The advantage of making this the first to-do item on the wish list was that a sandpit was big, and cheap, and fast to install, and very popular with kids up to their early teens. We would need a City backhoe driver to dig out a hollow 20 feet wide, 40 feet long and 15 inches deep, and fill it with gravel for drainage, then four truckloads of sand piled overtop, then logs to surround it, and some branches and shovels for the kids to start working. There was ample space for this sand play area, right beside the wading pool.

Simple! But then the plan began to run into trouble. First, some of the neighbours whose houses backed on to the southeast part of the park were unhappy that there would be any expansion of the playground, with more noise. After the Recreation director, Mario Zanetti, himself came to the park to ask them to give the sandpit a chance, the objectors withdrew, and it seemed that the project would go ahead.

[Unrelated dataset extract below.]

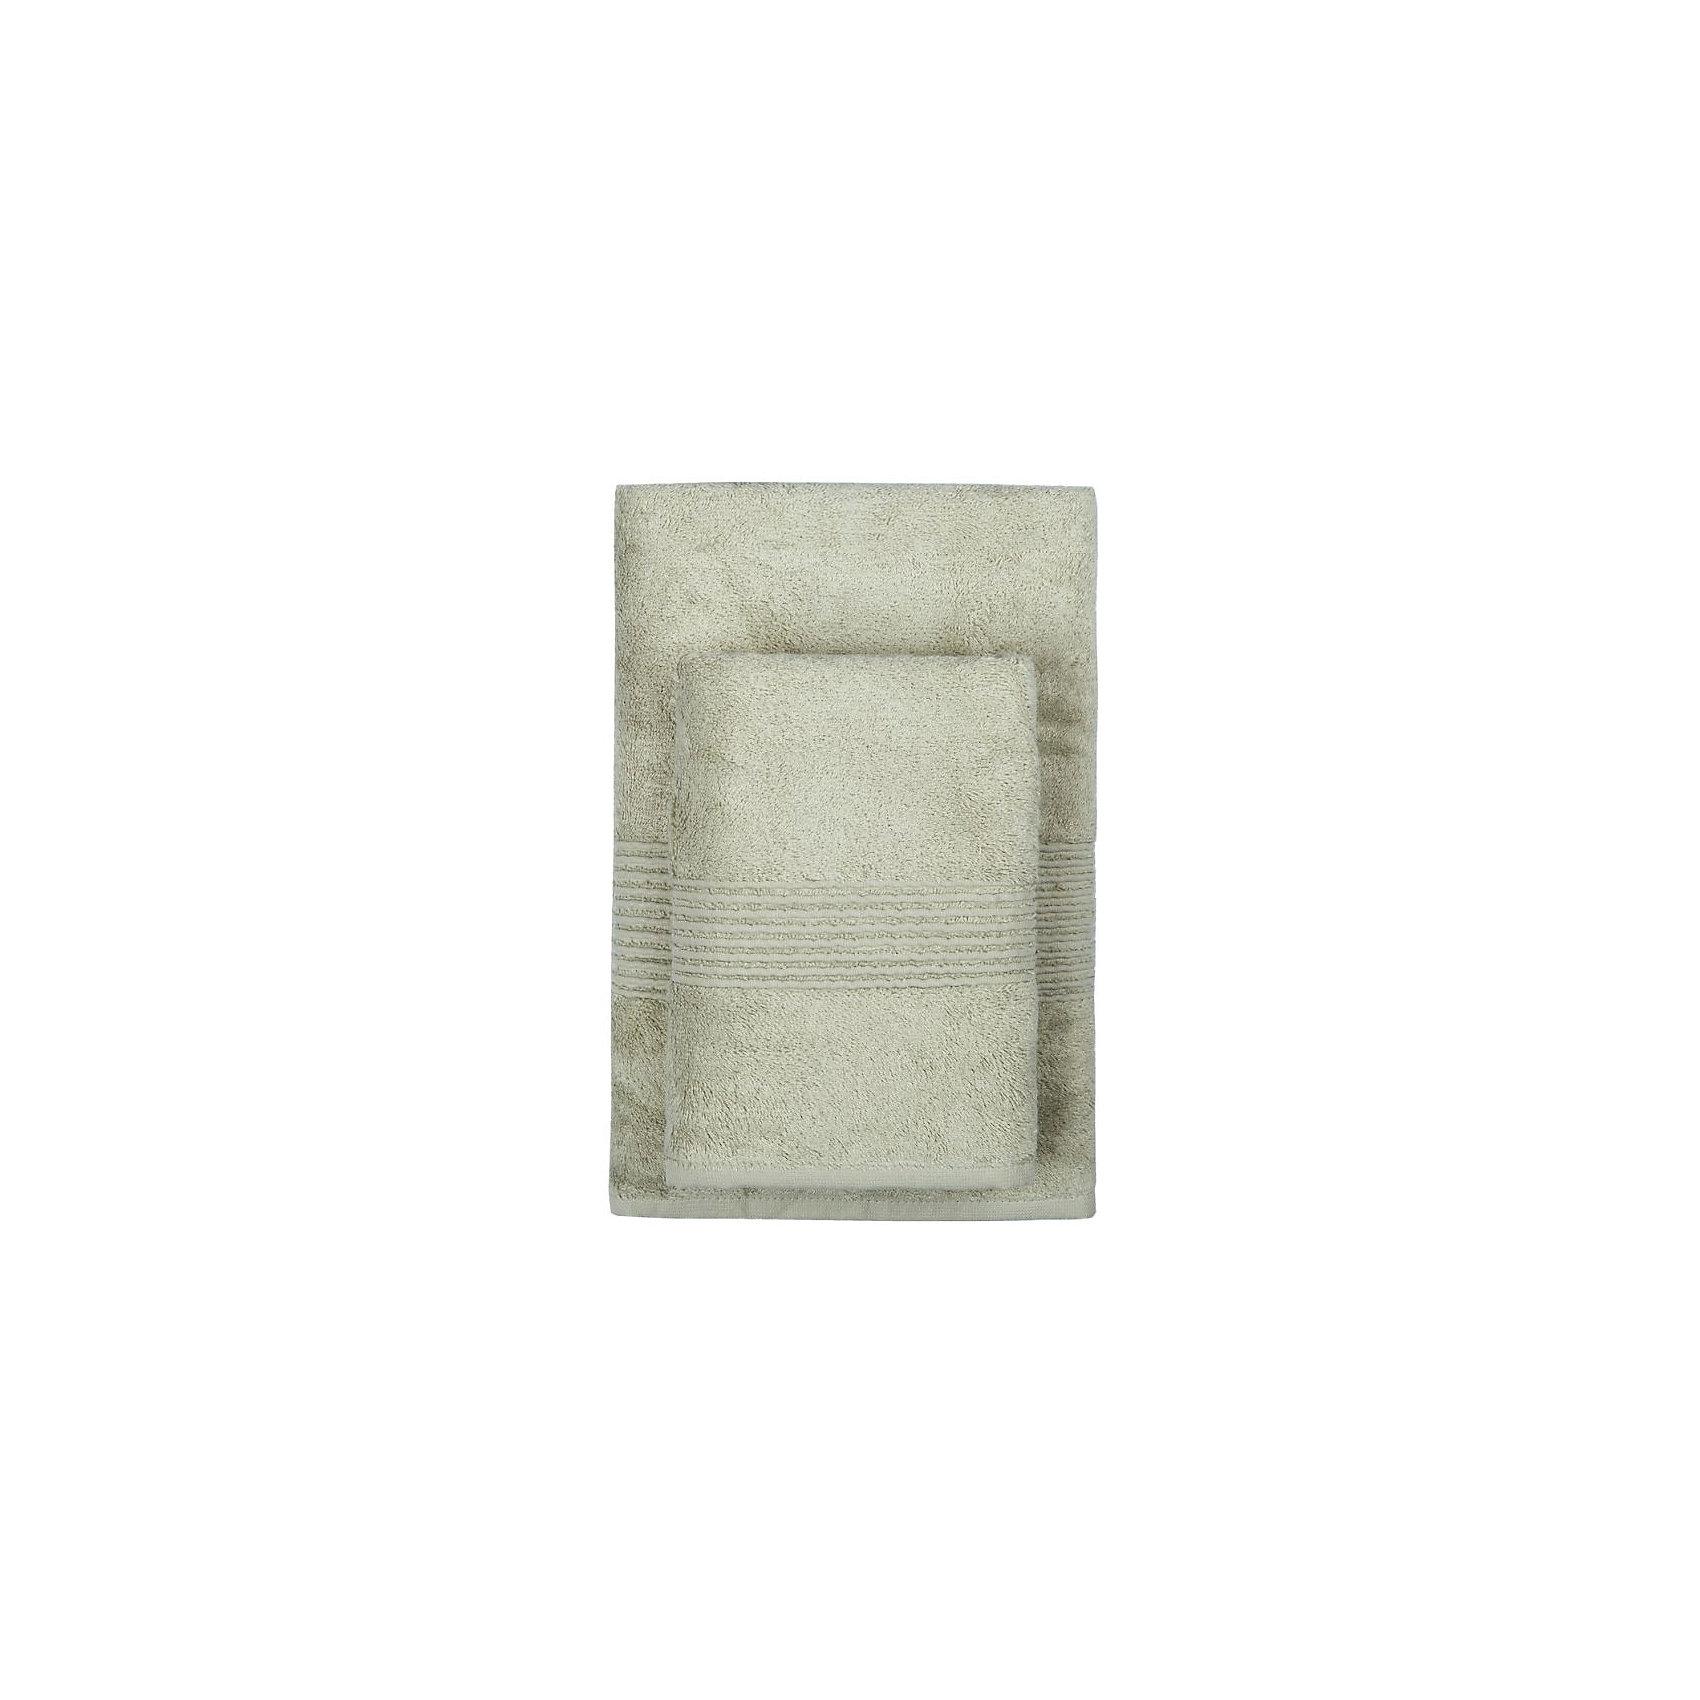 Полотенце махровое Maison Bambu, 50*90, TAC, фисташковый  (cagla)50*90; 50% хлопок, 50% бамбук/махра/550 гр/м2. Полотенца ТАС Приятно удивляют и дают возможность почувствовать себя творцом окружающего декора. Махровая ткань – официальное название «фроте», народное – «махра». Фроте – это натуральная ткань, поверхность которой состоит из ворса (петель основных нитей). Ворс может быть как одинарным (односторонним), так и двойным (двусторонним).<br><br>Ширина мм: 250<br>Глубина мм: 30<br>Высота мм: 230<br>Вес г: 300<br>Возраст от месяцев: 216<br>Возраст до месяцев: 1188<br>Пол: Унисекс<br>Возраст: Детский<br>SKU: 5476340

But May came and went, and the weeks ticked by into June, and still no backhoe arrived to start making the sandpit. Summer was almost here and there were no gardens, either, and no music, and no food, no more benches, and no basketball court – and no plans for any. Phone calls were not returned. The four of us learned something important. In a big city, the government might say yes, yes, yes to local ideas, but nothing might ever actually happen.

In the middle of June we realized we had to make a move to jump the gap between the park and the government. We had an inspiration. We decided to write a letter to the Mayor, June Rowlands, inviting her and the Dufferin Mall manager, David Hall, to the official opening of the new sandpit play area, now christened “The Big Back Yard.” We hoped that the connection between the Mall and the City would attract enough interest that somebody in the Mayor’s office would take notice of our request. The date we gave was July 5 – three weeks away.

It worked. The Mayor’s office said, yes, she would love to attend. She was fond of playgrounds, and also fond of corporate donations. We called the City Parks staff and told them that we hoped there would be something in place for the mayor to see when she came. All of a sudden, the sandpit project moved right up to the front of the line.

Three weeks later, the sandpit was ready. Elyse Pomeranz, a neighbourhood artist, had agreed to lead some art programs beside the sand pit. The mall said that $5000 of its donation could be spent on honoraria for people to work with kids in the park. Elyse found four other artists to help, each one with a different skill. The Parks Department said they couldn’t spare a storage shed for the art supplies, so the mall threw in another $1100 and we got a carpenter to build a park-style storage shed. Elyse painted it orange with an African pattern, and the park staff got us a city padlock for it.

Two days before the Mayor was due to come, we opened the storage shed padlock to find ten flats of bedding plants in the shed – a surprise gift from the Parks Horticulture crew. The City backhoe operator, after he was done with the sandpit excavation, had already dug us a small children’s garden (his idea), around the corner from the sandpit. So on July 5, the new play area was resplendent with its African shed, its hilled-up sandpit surrounded by giant tree trunks. The children’s garden was planted with flowers.

Just before the mayor arrived, one of those remote TV vehicles came and screwed its antenna as high as the trees. The Guatemalan cook from the indoor park, Isabel Perez, had made little tortillas with bean spread. The park kids, a pretty rough bunch normally, turned into the house-proud sandpit “staff,” politely offering the tortilla snacks to the Mall staff and the City staff and the politicians and the cameramen.

That was the formal beginning of the Dufferin Grove anomalies.